Quand j’ai écrit Le Sang des étoiles, je ne connaissais pas le monde de l’Opéra. Et j’aime parler de ce que je connais. Ce que j’aime, c’est le réalisme. Au début, quand j’écrivais un enchaînement de pas, je demandais toujours à mon professeur s’il était faisable, en me disant que mes petites lectrices essayeraient de le faire à leur tour. Pendant la série Danse !, je prenais un cours à midi et je me retrouvais dans les vestiaires avec les jeunes danseuses l’école du ballet Stanlowa. Il y a des dialogues que j’ai relevés intérieurement et qui ont vraiment été pris sur le vif. Et puis j’apprécie me glisser dans la tête de danseuses anonymes, qui ne sont pas dans les plus grandes écoles.
Revenons plus particulièrement sur Nina. La série de livres Danse !, dont elle est l’héroïne, compte 40 tomes et un énorme succès. Comment ce personnage vous est-il venu ?
Nina, c’est un peu le rêve que j’aurais pu avoir d’être une danseuse comme elle. J’avais en fait été frappée par une jeune danseuse qui était à l’école Stanlowa, Sonia Aguilar. Elle était ravissante et elle avait 13 ans. On m’avait dit qu’elle avait eu une vie difficile, qu’elle est orpheline de mère, ce qui est le point de départ de Nina. C’est d’ailleurs pour cela que j’ai demandé à ce que ce soit Sonia Aguilar qui fasse les photos de couverture lors de la première édition. Beaucoup de mes personnages sont souvent orphelins, moi-même je suis la fille de deux orphelins. Léonor du Sang des étoiles n’est pas orpheline, mais elle vit seule car son père ne veut pas qu’elle danse.
Et comment arrive-t-on à inventer 40 tomes ?
Et bien c’est comme la vie, on ne sait pas ce qui va nous arriver dans une heure. Je ne savais pas au fur et à mesure ce qui allait arriver à Nina. Le personnage m’étonne d’ailleurs souvent, ses répliques m’amusent. Et j’aime que l’histoire me surprenne. Au fond c’est un travail sur l’inconscient. Au bout de 40 tomes, Nina allait avoir 15 ans, elle était plus grande que ses lectrices. Il y a un moment où il faut s’arrêter ! Quelque part, Le Sang des étoiles pourrait être la suite de Danse ! même si ça a été écrit avant, Léonor ayant 16 ans. Pour Nina, c’est terminé… Pour le moment (sourire).

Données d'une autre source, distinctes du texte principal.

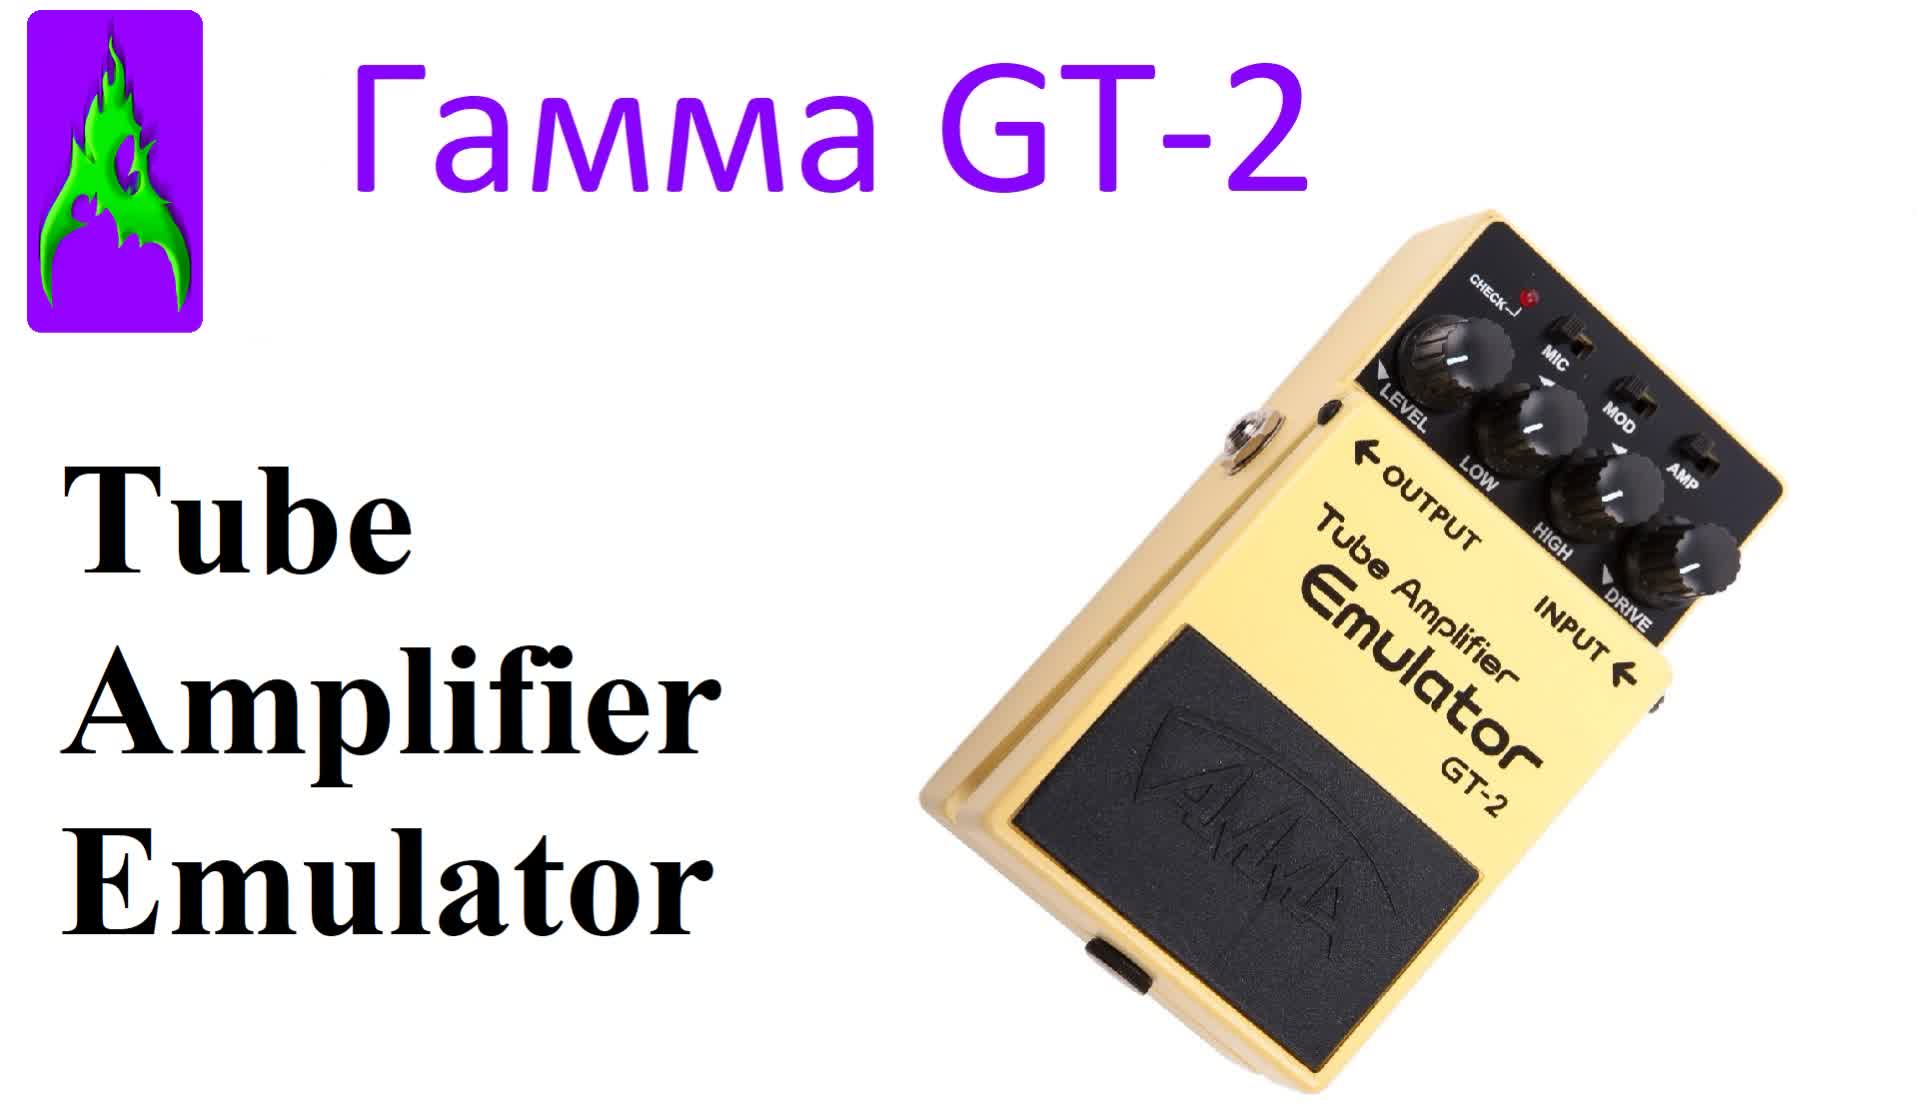 Педаль Гамма (Ерасов) Tube Amplifier Emulator GT-2 обзор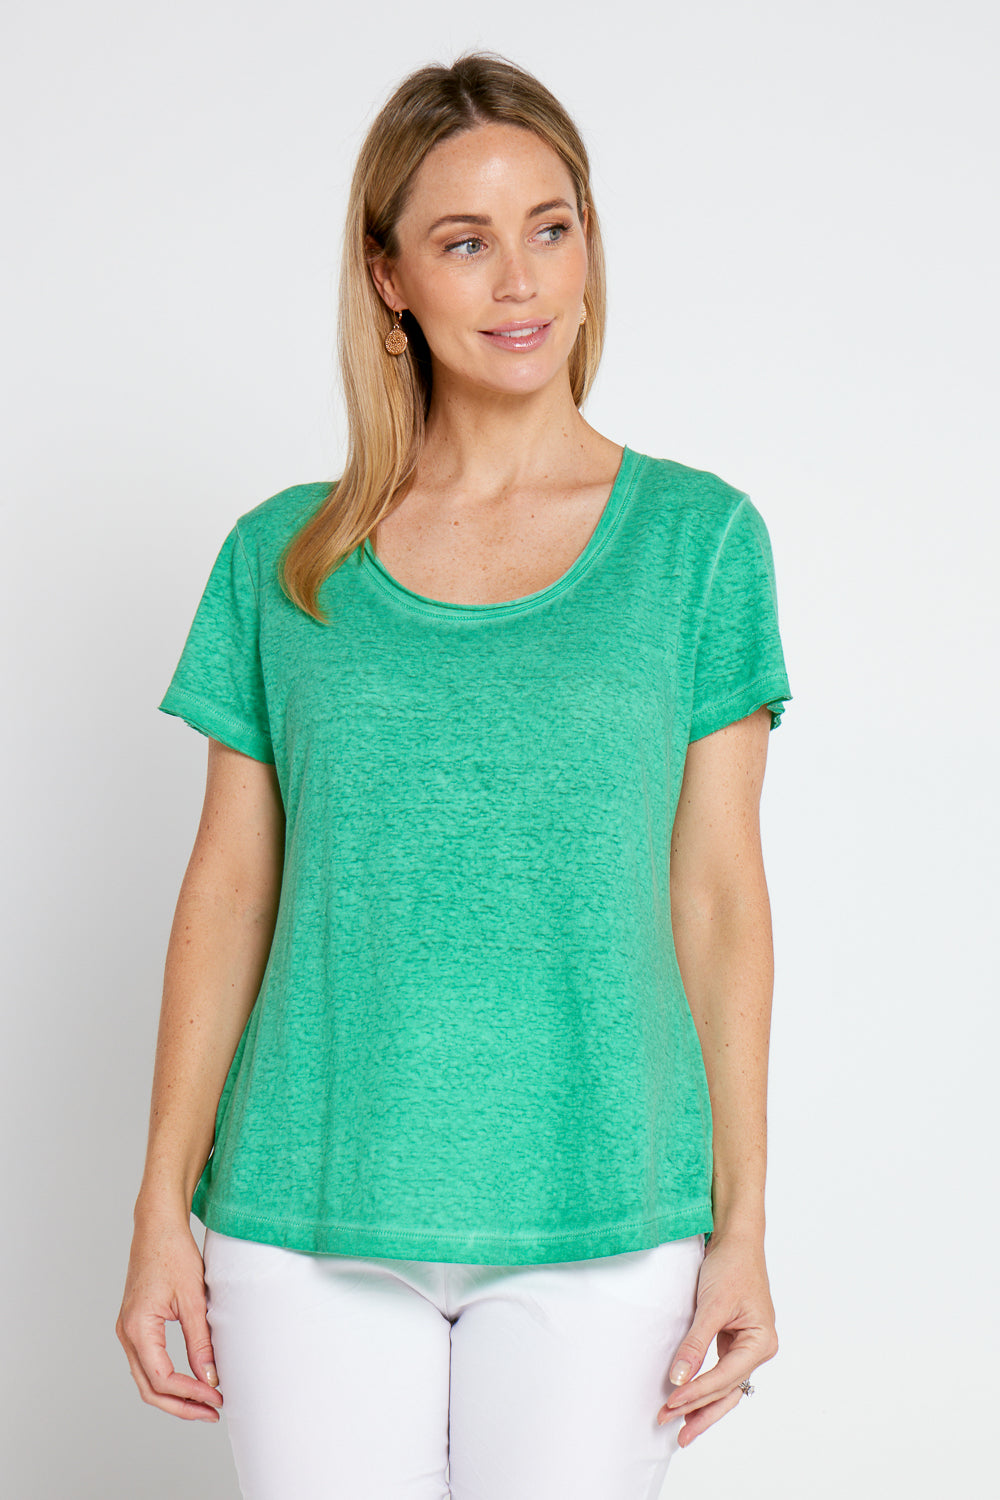 Elsie T-Shirt - Emerald

Qu’aimeriez-vous transmettre à vos lecteurs et lectrices ?
Que la vie est belle et qu’il faut se battre pour ce que l’on aime. Qu’il faut essayer d’arriver, d’une manière ou d’une autre, à réaliser ses rêves. J’aime beaucoup ce rôle de « passeur » dans mon métier d’écrivaine pour la jeunesse. Concernant Nina, mes lectrices me disent souvent : « C’est fou ce que ce personnage m’a encouragée« . Et ça, ça me plaît beaucoup. Un livre peut structurer quelqu’un.
Entretien réalisé par Amélie Bertrand et Jade Larine.
sandra
merci pour cet interview ! J’ai lu pendant de nombreuses années avec passion la série danse donc ça me rappelle de très très bons souvenirs …
Sait-on ce qu’est devenue Sonia Aguilar? Elle a dansé au royal ballet de Birmingham c’est tout ce que je sais
Jessica
Sonia Aguilar s’est mariée et a deux petites filles 🙂
Aventure
Merci pour cette interview, j’ai dévoré la série Danse quand j’étais enfant et je reste très attachée à cette sympathique héroïne ! J’avais lu d’autres livres d’Anne-Marie Pol également, qui transmet sa passion aux enfants avec réussite !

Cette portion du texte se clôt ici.